Among its characters, Jamison and Vandara are the closest Gathering Blue has to antagonists, but Kira’s primary adversary is something much more insidious: a fearful community that does not know change is possible. Fear controls Kira’s village, most viscerally embodied in the omnipresent threat of beasts that supposedly live just outside the village’s boundaries and promise ugly death to anyone who dares venture into the unknown. Inside the village, as Vandara’s threatening presence shows, there are still overt dangers that require constant vigilance, especially for anyone perceived as weak, like Kira. There are also covert dangers that hide behind friendly faces, just as Jamison takes on the role of Kira’s defender and liaison to the Council, all while never revealing that he was responsible for her father’s apparent death. Neither Jamison nor Vandara appear in Gathering Blue’s final act because, in the end, they are only symptoms of the village’s deeper corruption. Rather than needing to defeat the characters who have tried to hold her back, it is only after Kira has demystified and neutralized everything she was always taught to fear that she can make the choices necessary to help forge a better future. 

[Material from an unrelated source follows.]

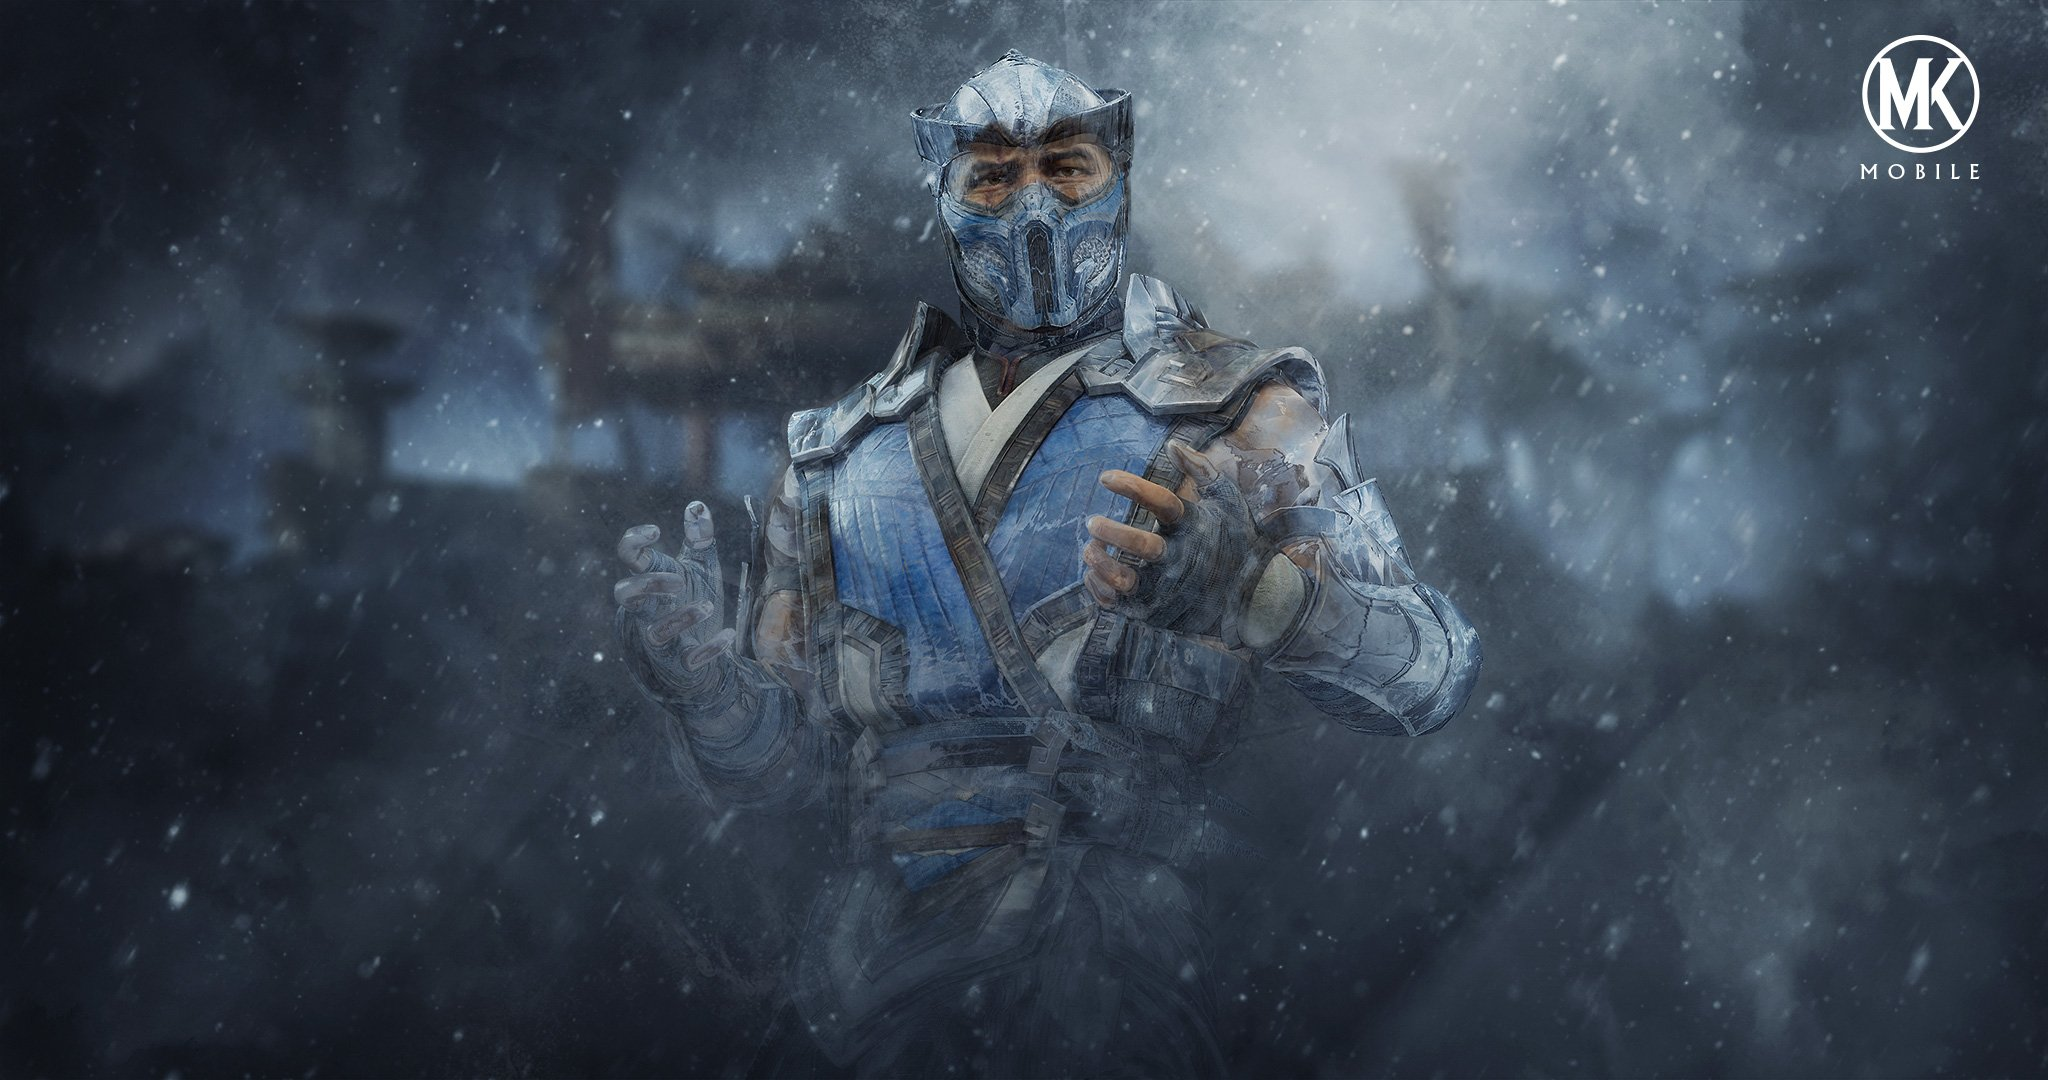 Sub Zero Mortal Kombat Games Fan Site

The open-ended nature of Gathering Blue’s conclusion reflects the culmination of what Kira has learned since her story began. Limitations have always defined Kira’s world: where she can go, what she can do, and, most importantly, what she is allowed to know. Anything that threatens those narrow confinements is considered a danger to the community at large because it destabilizes the Council’s control over the village’s population. In her decision to stay behind in the village rather than follow Christopher, Kira chooses uncertainty and hope that she will be able to change her village. Kira rejoices in the opportunity to let her creativity take control of the threads that will guide her to complete the robe and design a better future for her community, because she has learned the value of not having everything decided for her. This ending may seem unsatisfying, as if Gathering Blue ends on a cliffhanger, but in its full context, Kira’s final, emancipatory choice to be flexible and open to what the future holds completes her narrative arc without leaving any loose ends.